Here, since the contents of the outsourcer / purpose-of-use information 1401 match the purpose of this application, it is found that the application is correct. Finally, the registration processing program 904 is executed to perform registration processing including the issuance of a license plate (step 1703).

According to the present embodiment, the resident's card has already described the purpose of use at the time of passing it to the dealer, which is a third party institution. Therefore, if the resident's card is used in a manner not suitable for this purpose, The fraud can be detected at the organization to which the resident card is submitted, which is equivalent to the Land Transport Bureau. As a result, double use of the certificate and illegal use by a third party can be prevented. A public key certificate may be sent to clarify the identity of the sender of the data.

A second embodiment to which the present invention is applied will be described below with reference to the drawings. In this embodiment, the system configuration is the same as that of the first embodiment, but the processing content of the program is different from that of the first embodiment. The difference between this embodiment and the first embodiment is shown.

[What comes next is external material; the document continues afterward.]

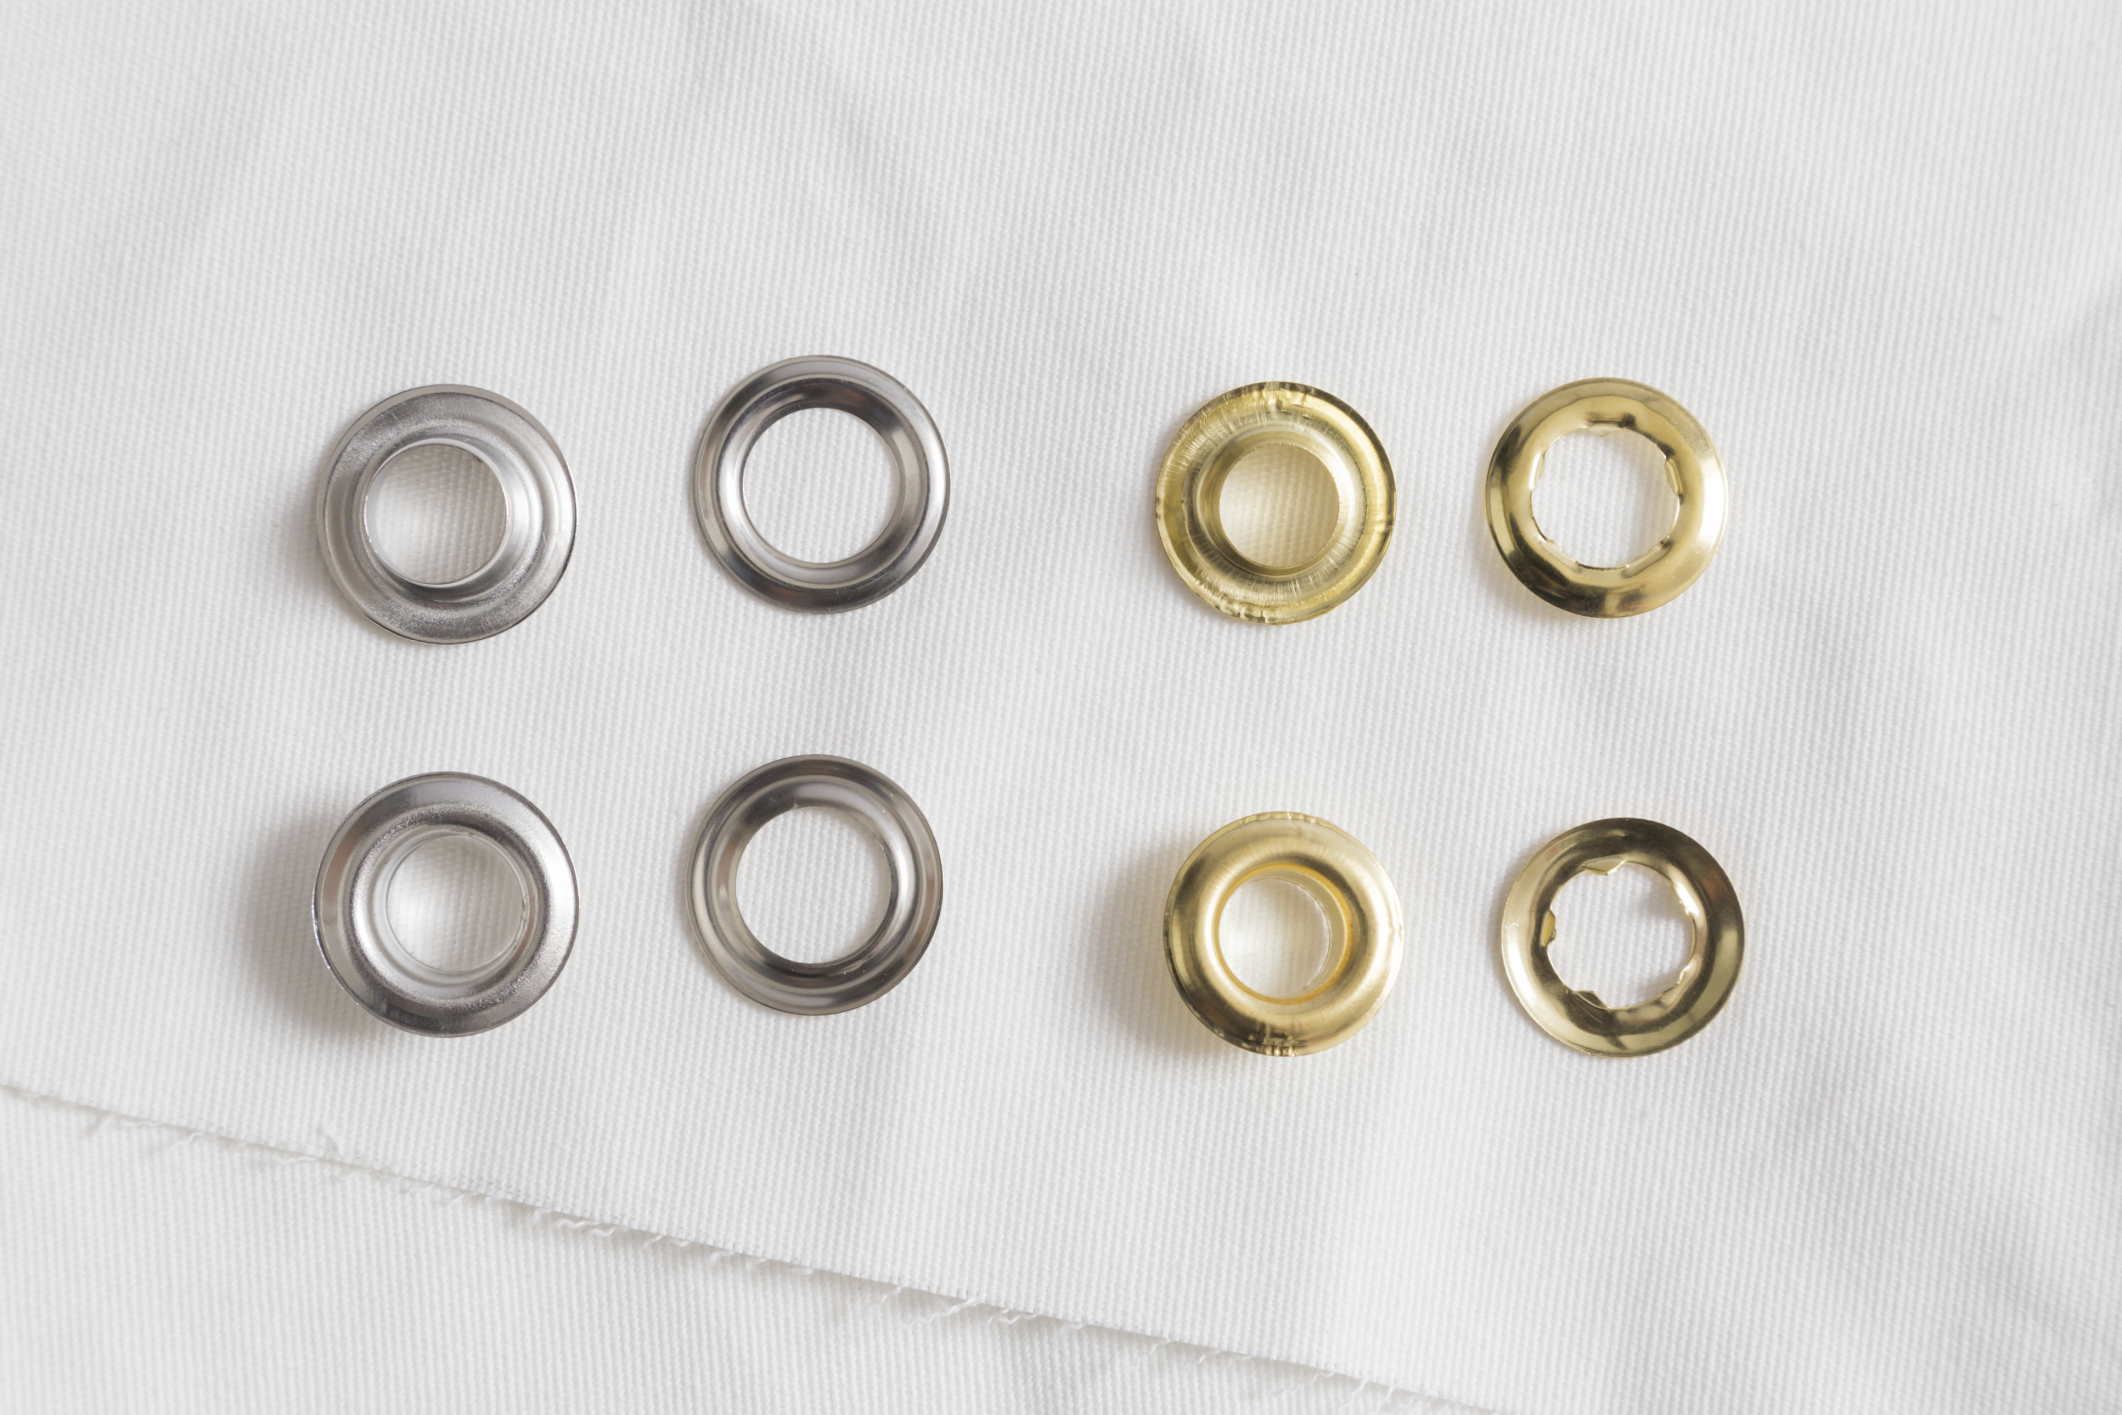 Metal Grommets (Eyelets) : Simple tools and ways to set them on fabric -  SewGuide

In the first embodiment, when the local government generates a resident's card, the purpose of use is not described in the resident's card, but the applicant writes the purpose of use after it is issued by the local government. is doing. On the other hand, in this embodiment, when the local government generates a resident's card, it issues a resident's card that also describes the purpose of using the resident's card. As a result, the resident's card issued by the local government cannot be used for any purpose other than the purpose stated in the application for issuance of the resident's card, so double use of the certificate and illegal use by a third party can be prevented.

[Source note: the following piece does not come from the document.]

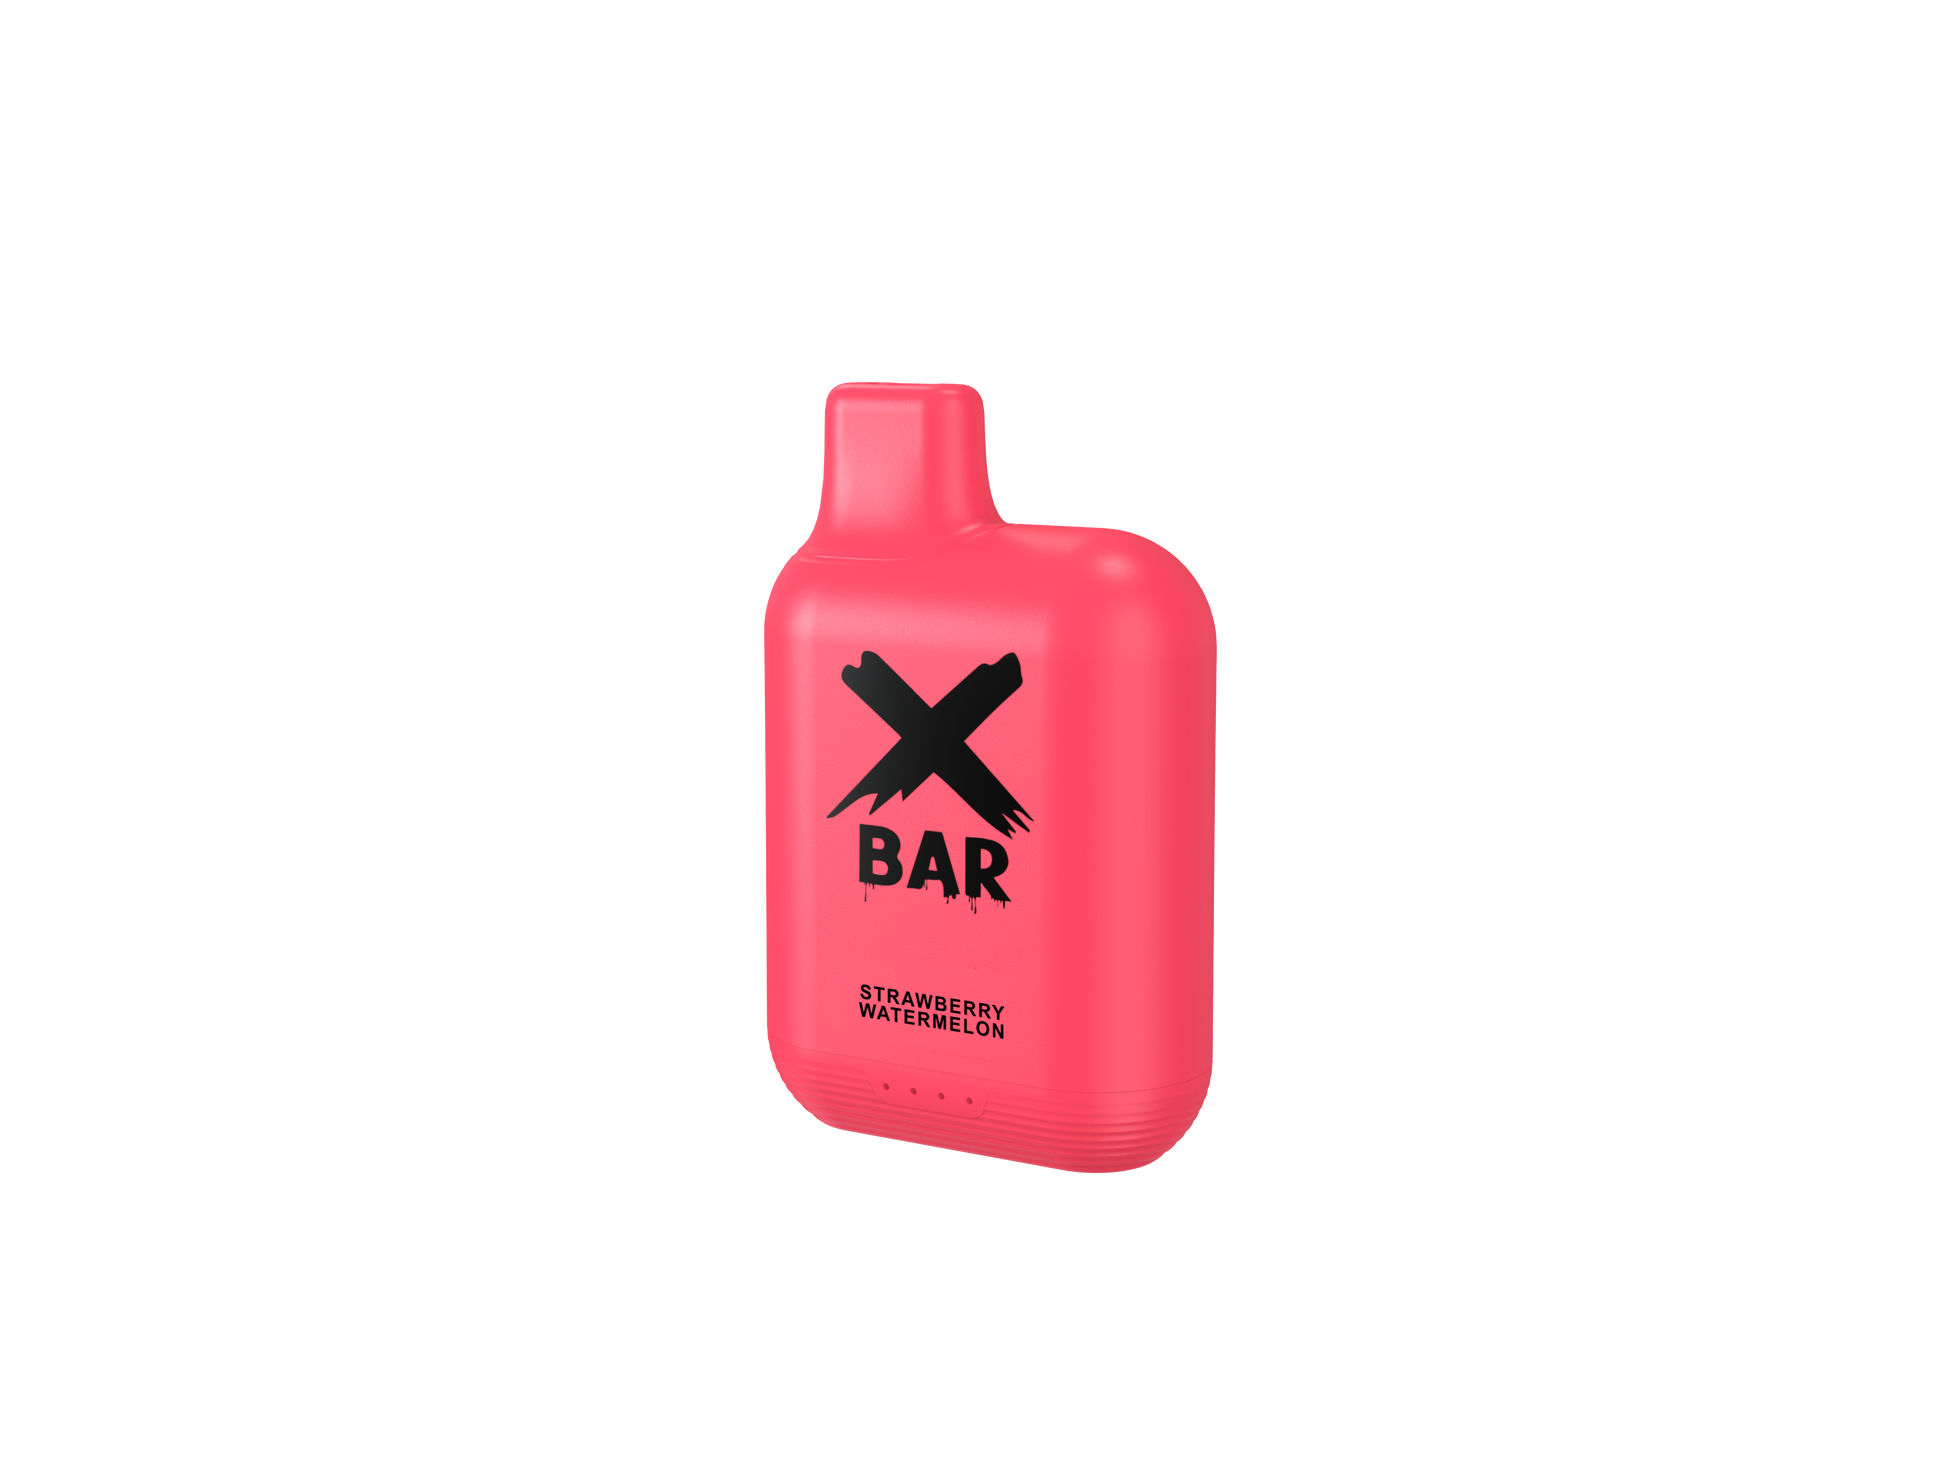 Strawberry Watermelon Flavored with XBar

The processing contents of this embodiment different from those of the first embodiment are shown below. In the process (step 1502) of executing the resident card generation program in FIG. 15 to generate a resident card set, a resident card as shown in FIG. 19 is generated. The resident card is serial number 1901, applicant / contractor / purpose information 1902, resident card data 19
03, and is further provided with the issuing local government signature 1904. Here, the applicant information 1902 is step 150.
It is created based on the information of the data received in 1. The resident card description content data 1903 may be newly created, a file existing in the data file storage area 616 may be used, or a file existing in the data file storage area 616 may be diverted. Good.

In the process of executing the additional information adding program shown in FIG. 11 and adding the additional information to the resident card (step 1103), the entrustee / purpose information 1401 is not added, but only the signature by the applicant 1001 is added. To do.

According to this embodiment, the purpose of use has already been described when the resident card was issued by the local government.
If it is attempted to be used in a manner that is not suitable for this purpose, the fraud can be detected at the institution to which the resident's card, which is equivalent to the Land Transport Bureau, is submitted. This makes it possible to prevent double use of the resident's card and unauthorized use by a third party.

A third embodiment to which the present invention is applied will be described below with reference to the drawings. In this embodiment, the system configuration is the same as that of the second embodiment, but the processing content of the program is different from that of the second embodiment. The point that this embodiment is different from the second embodiment will be described.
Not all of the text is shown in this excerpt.